■ Available data
.....

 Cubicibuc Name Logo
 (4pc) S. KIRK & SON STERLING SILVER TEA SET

.....

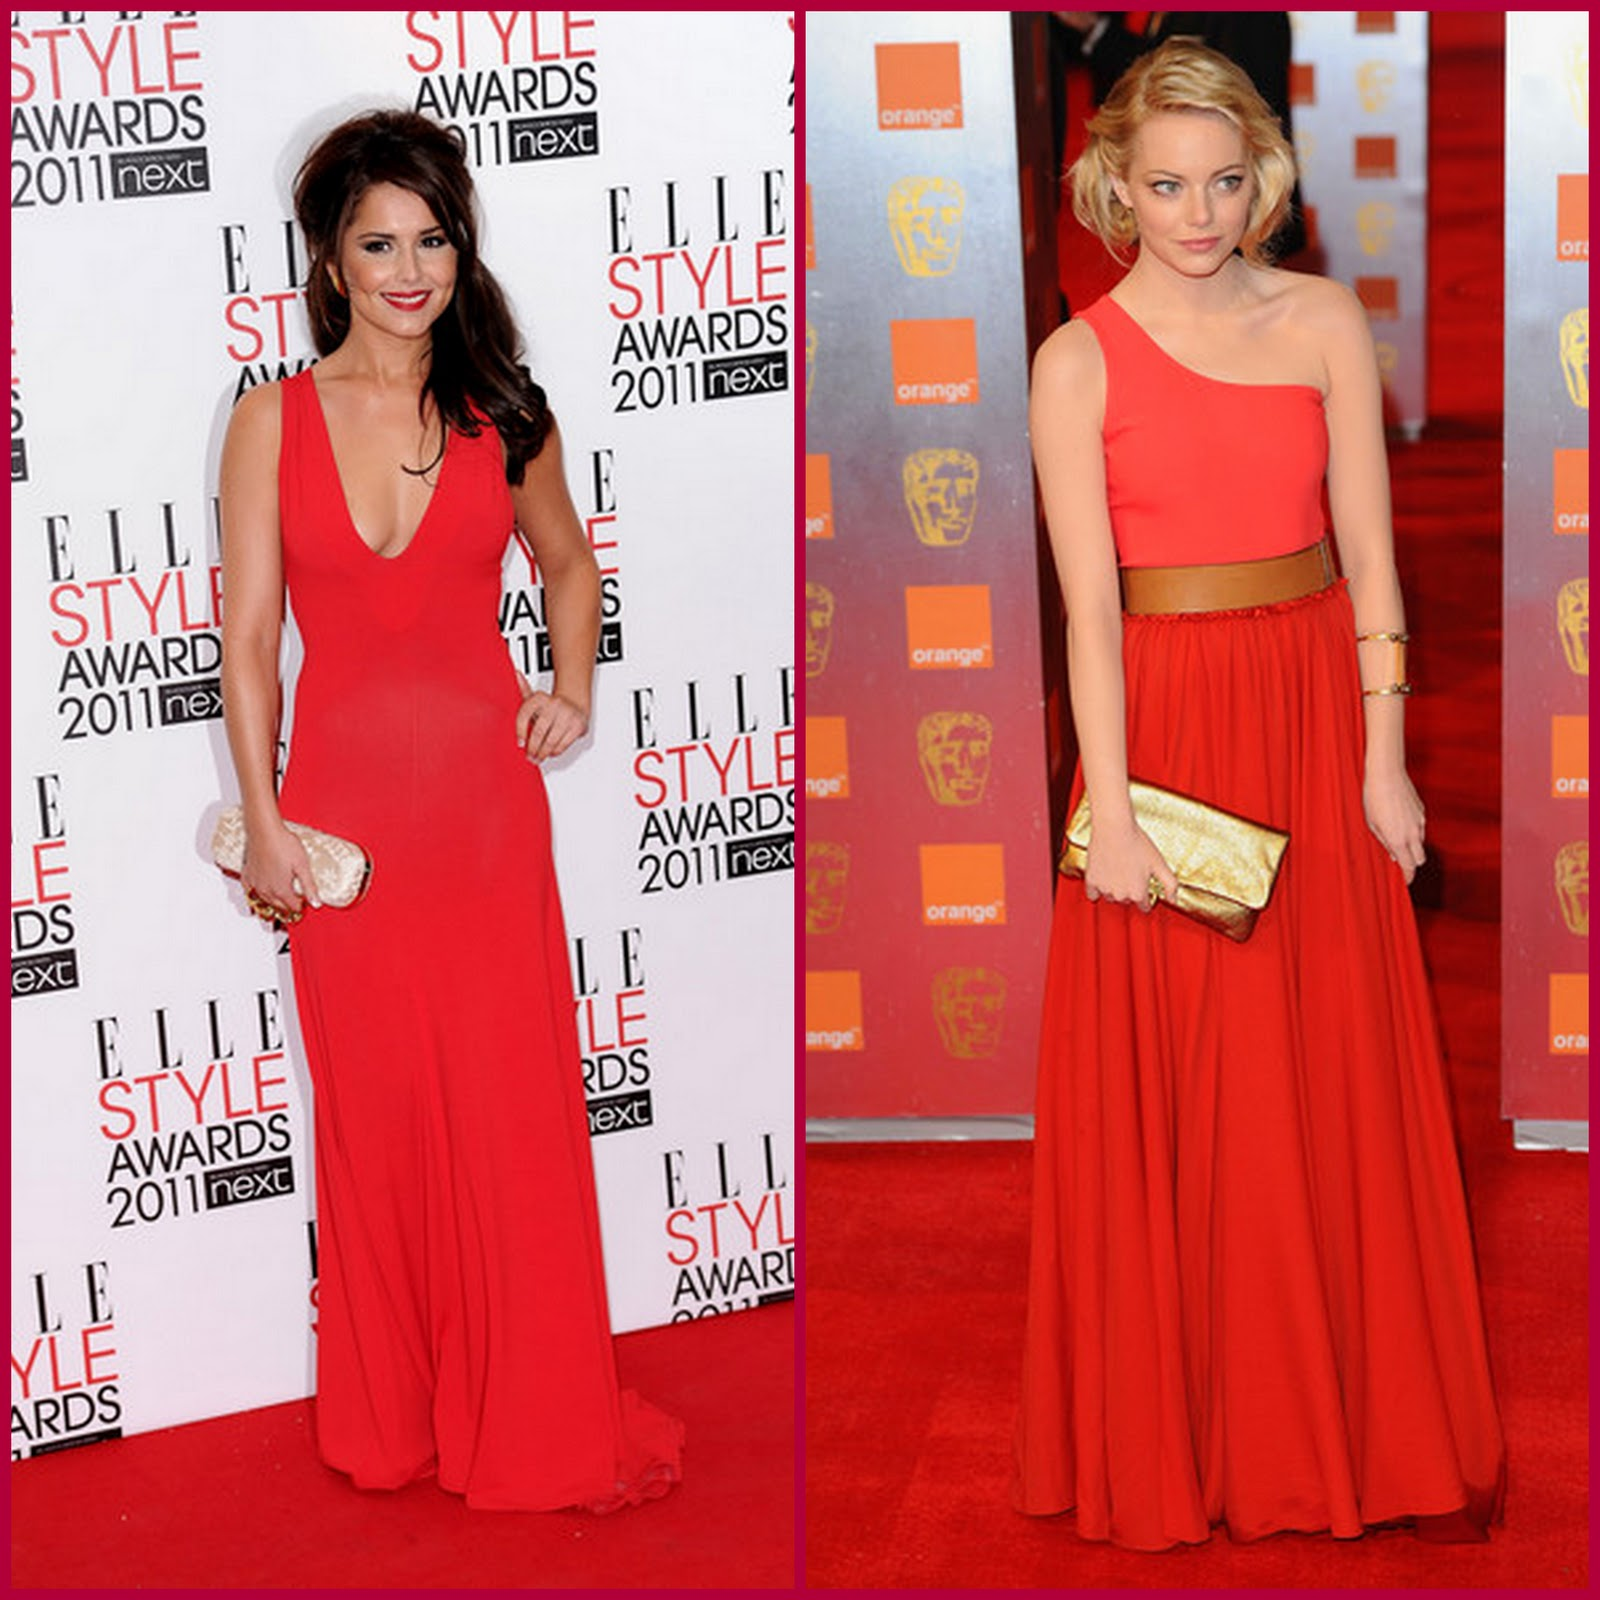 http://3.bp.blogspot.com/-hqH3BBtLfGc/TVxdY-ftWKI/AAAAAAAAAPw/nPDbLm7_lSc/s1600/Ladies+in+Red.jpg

.....

■ Activity
Write down again, exactly as given, only the lines above that fall from the line with "Cubicibuc Name Logo" to the line with "(4pc) S. KIRK & SON STERLING SILVER TEA SET", inclusive.

■ Expected output
 Cubicibuc Name Logo
 (4pc) S. KIRK & SON STERLING SILVER TEA SET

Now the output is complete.